▸ REQUIREMENT
Pictures stay out of the copy. Retype exactly, and only, the lines from the one containing "4th Street underpass" through the end of the listing below.

▸ SOURCE DATA
--------------------------------
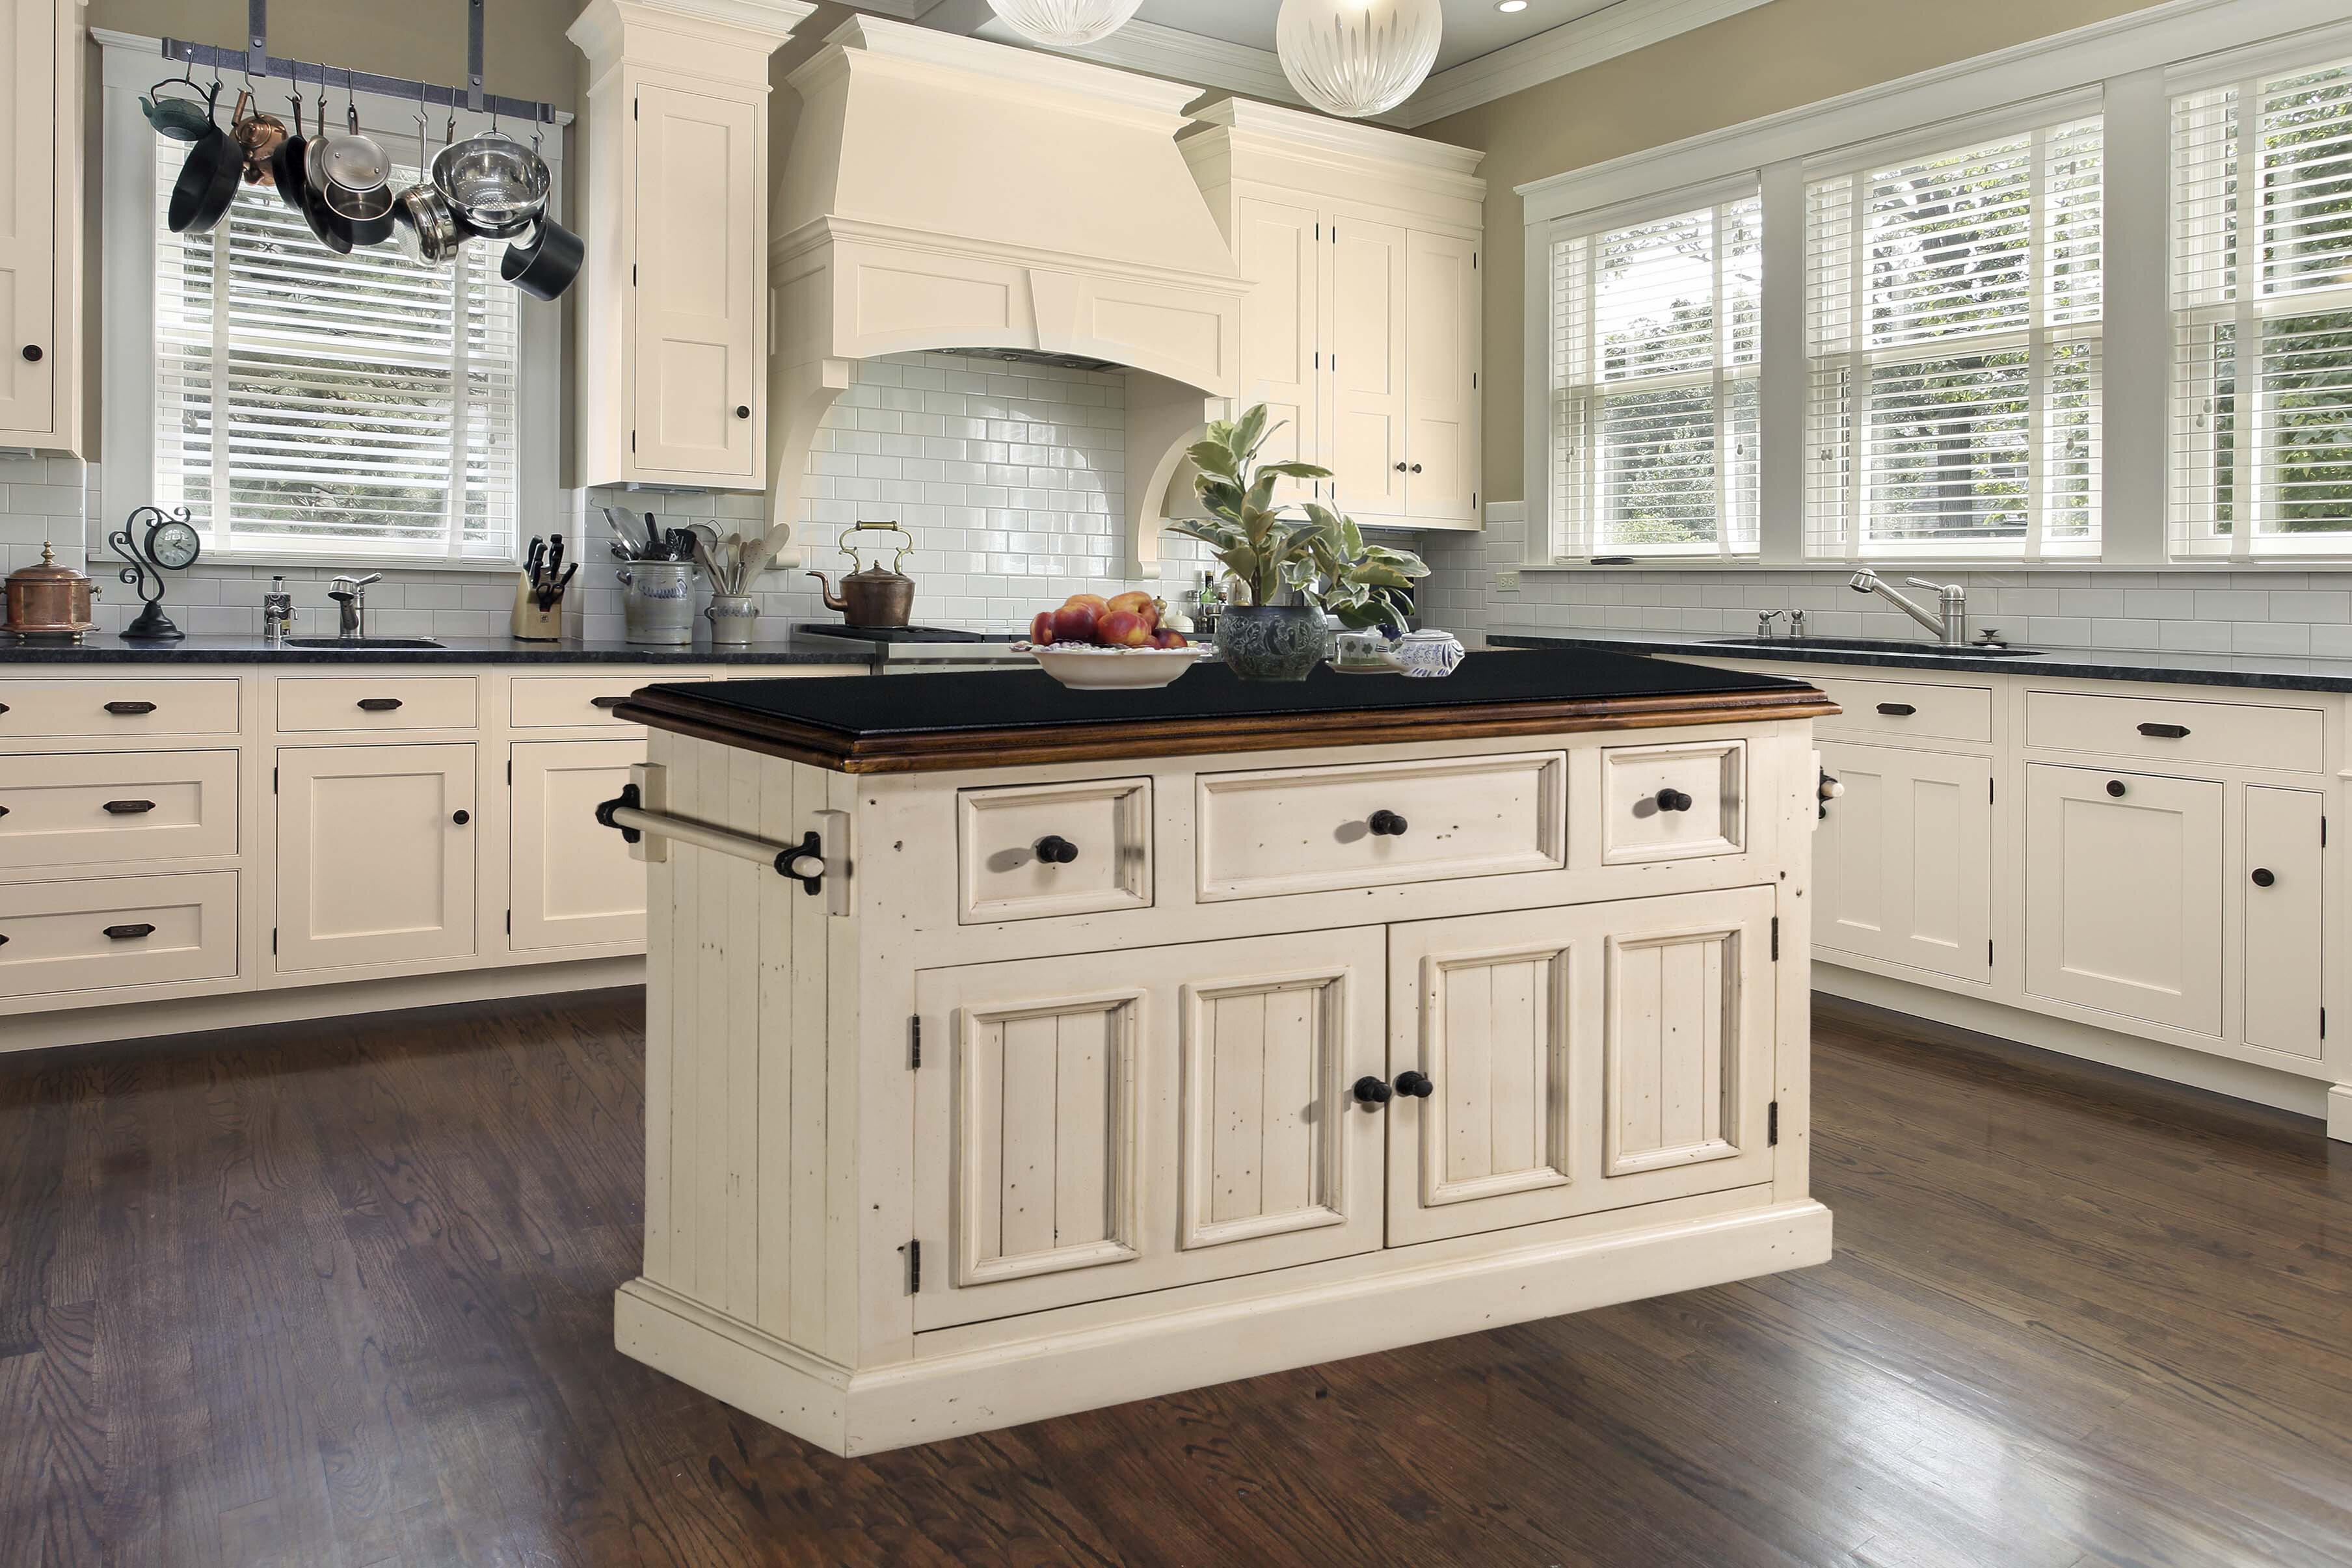 Granite Kitchen Islands Carts You Ll Love In 2020 Wayfair
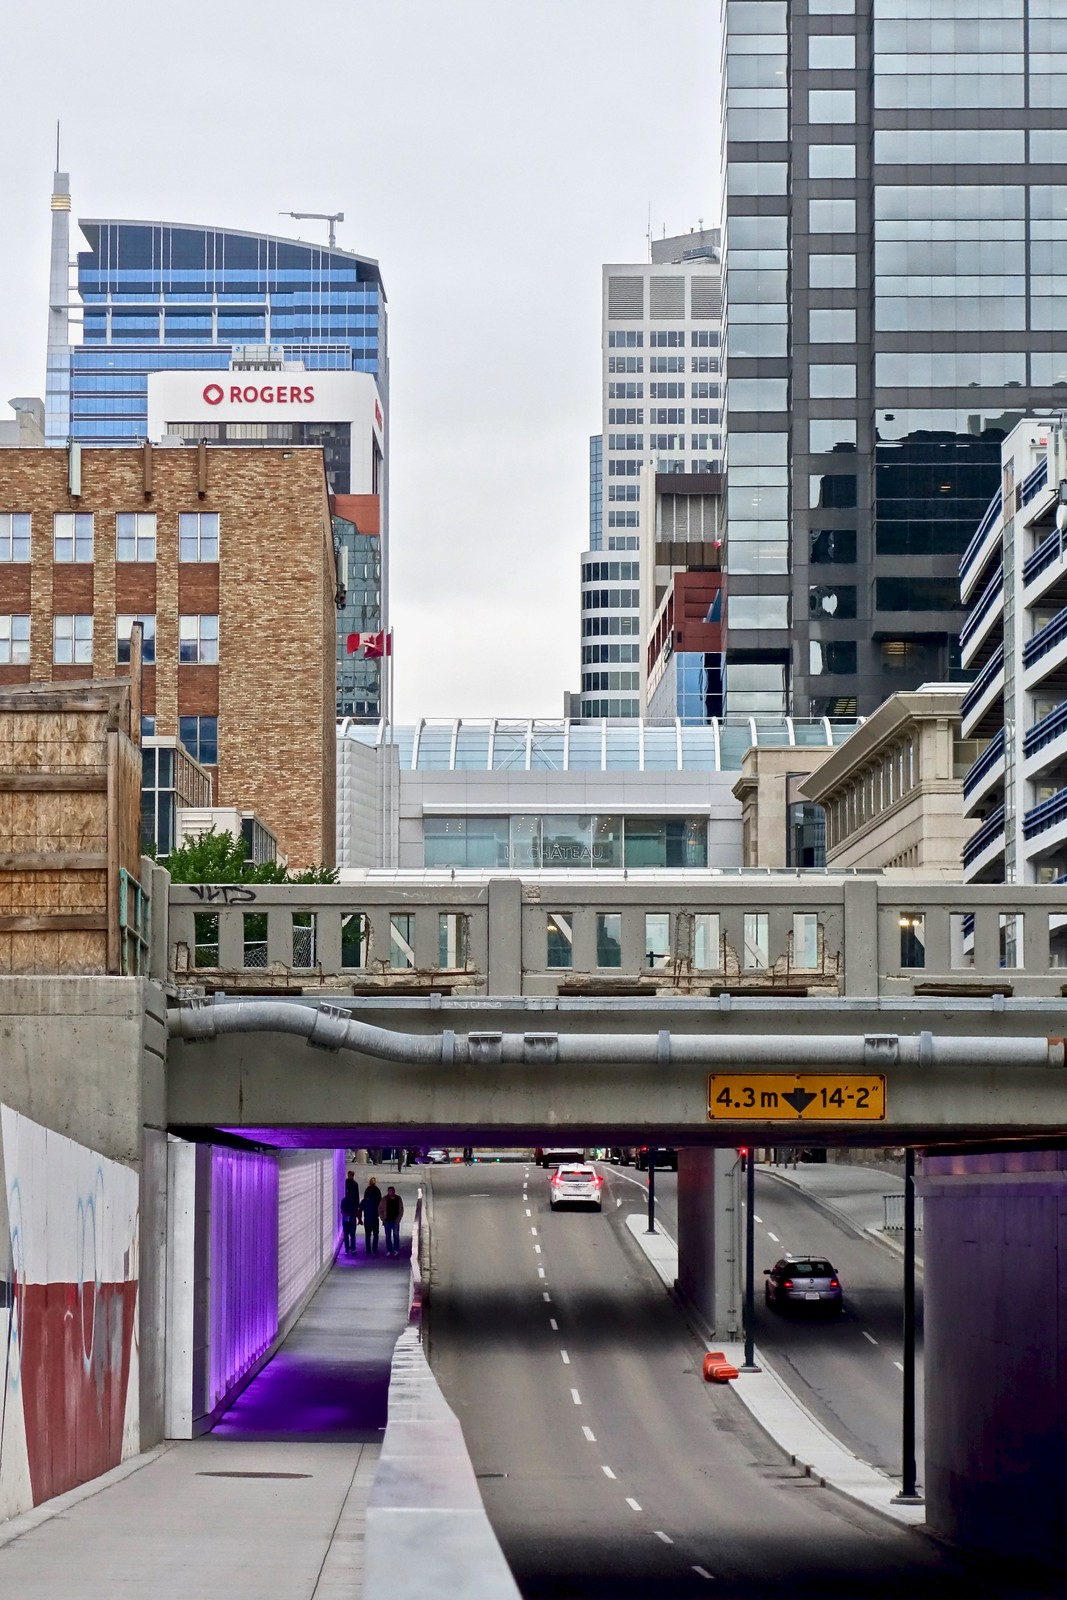 4th Street underpass
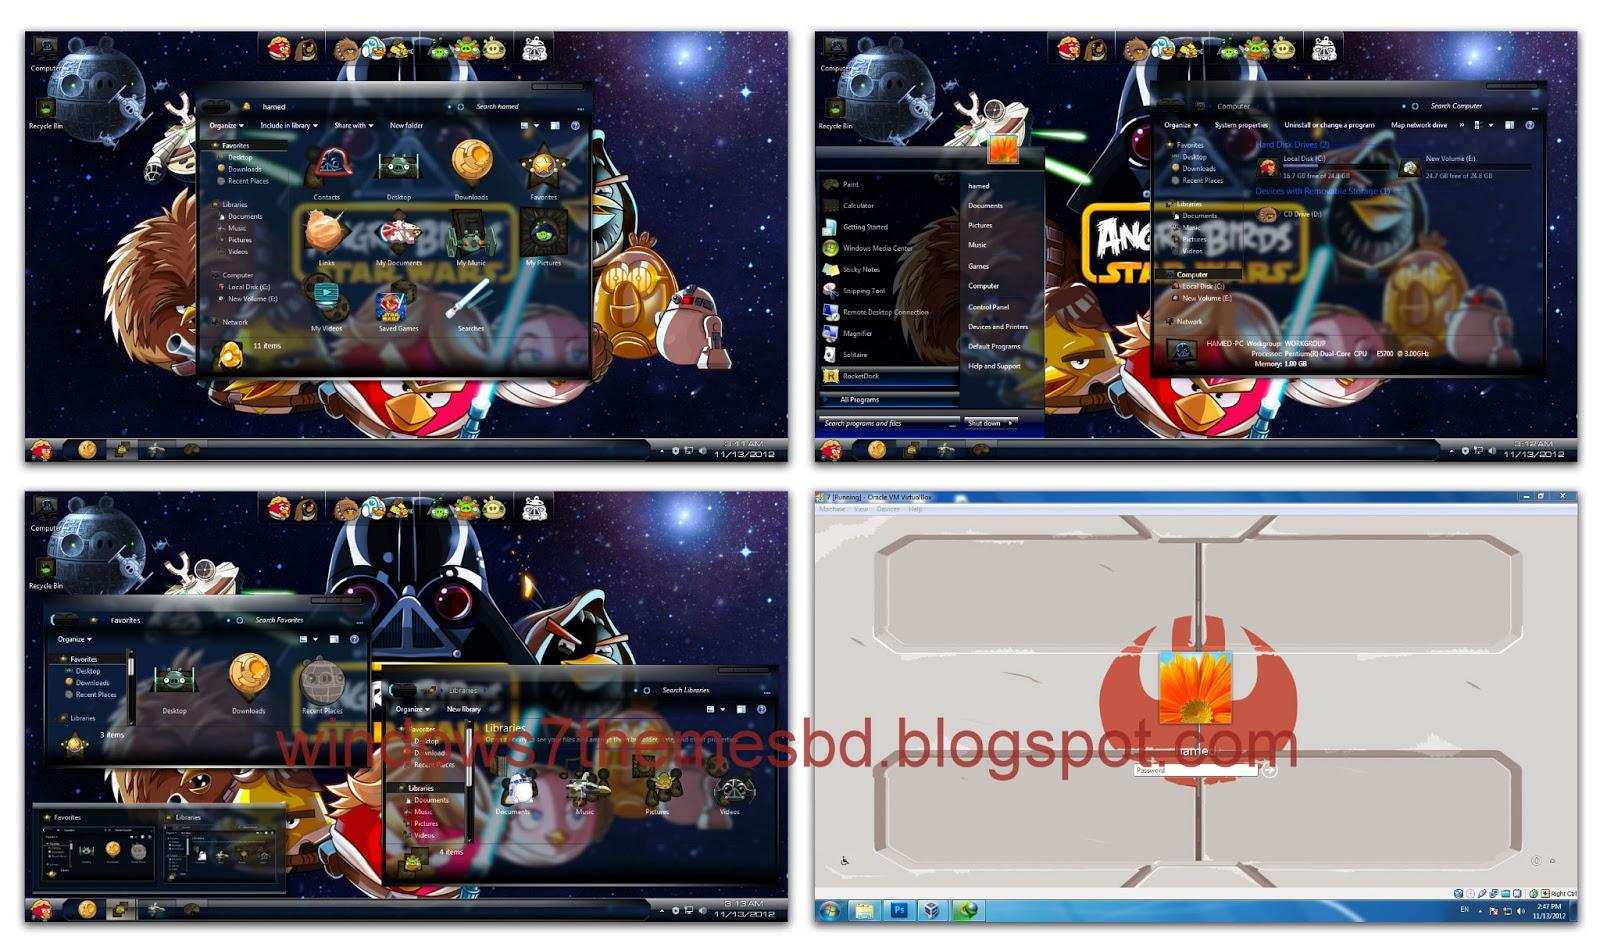 ransform Windows 7 to Angry Birds StarWars Game
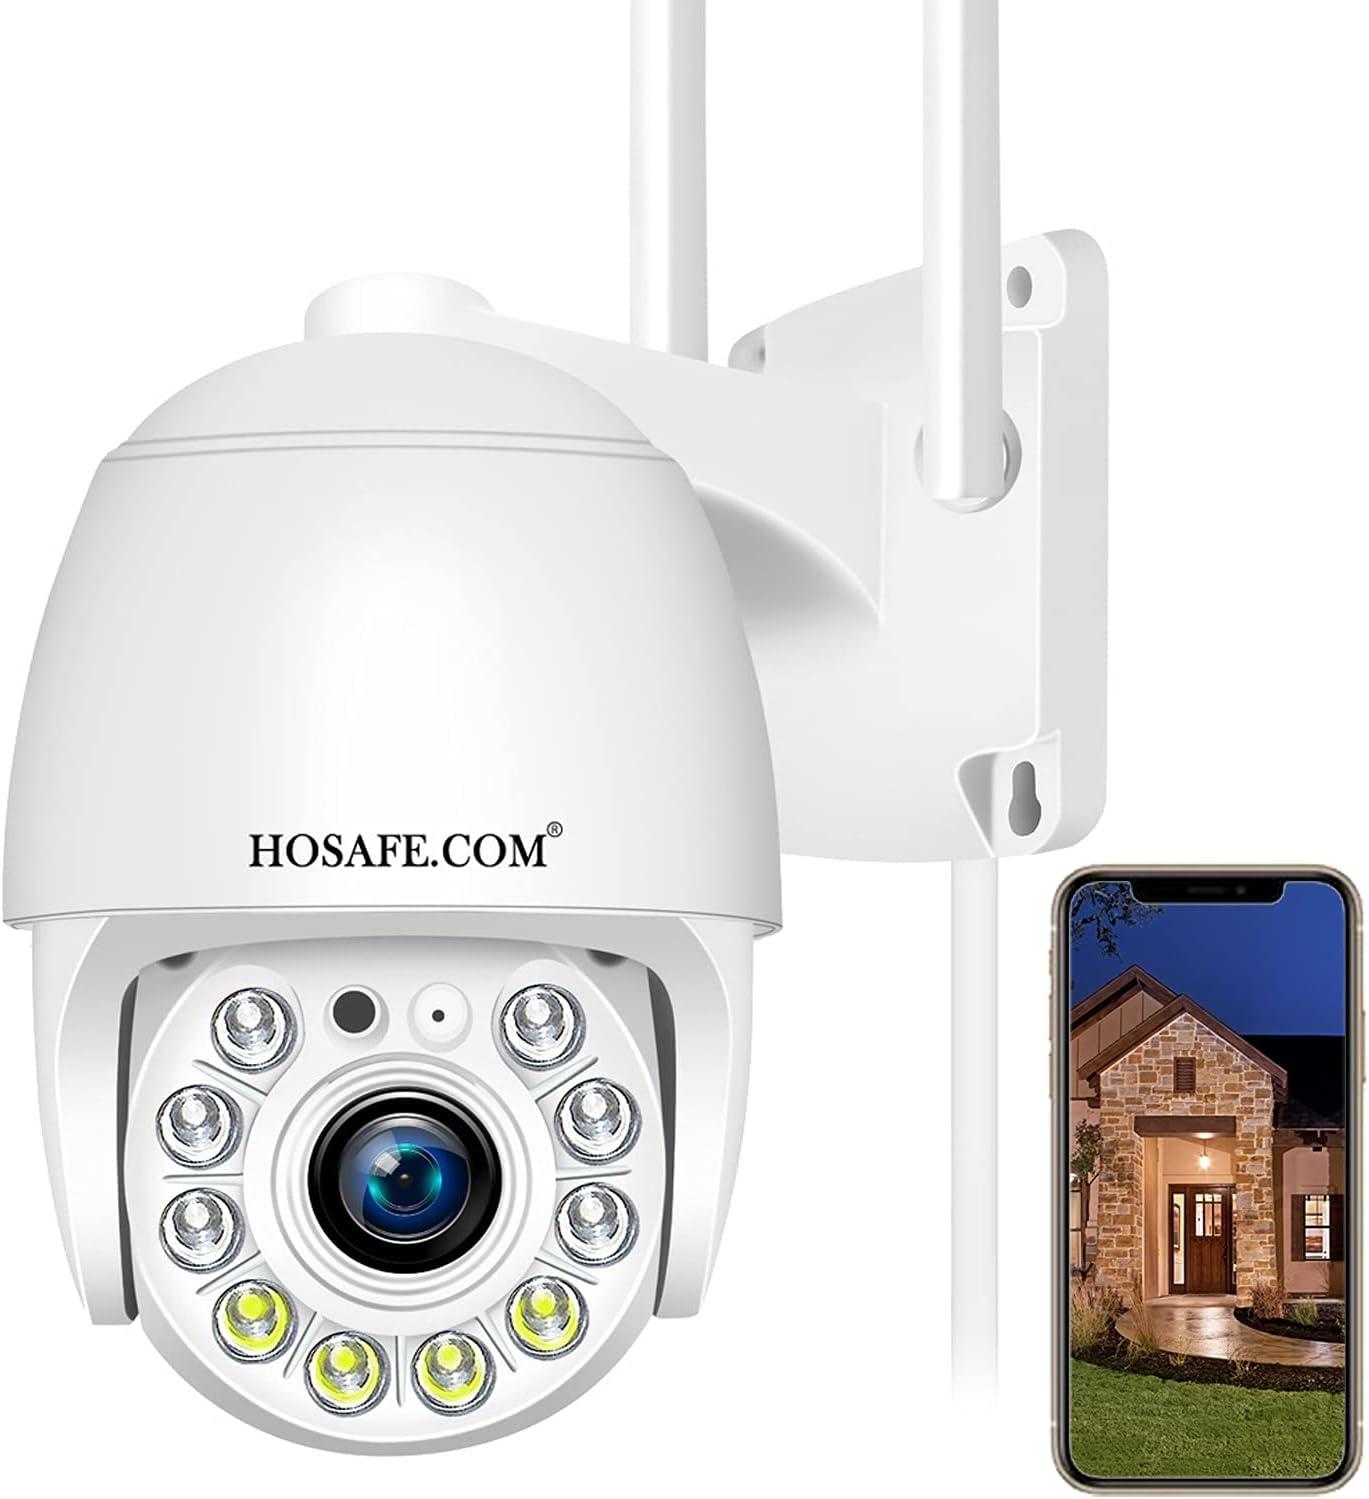 HOSAFE.COM Wireless WiFi Security Camera Outdoor $39.99 Coupon
--------------------------------
▸ EXERCISE ANSWER
 4th Street underpass
 ransform Windows 7 to Angry Birds StarWars Game
 HOSAFE.COM Wireless WiFi Security Camera Outdoor $39.99 Coupon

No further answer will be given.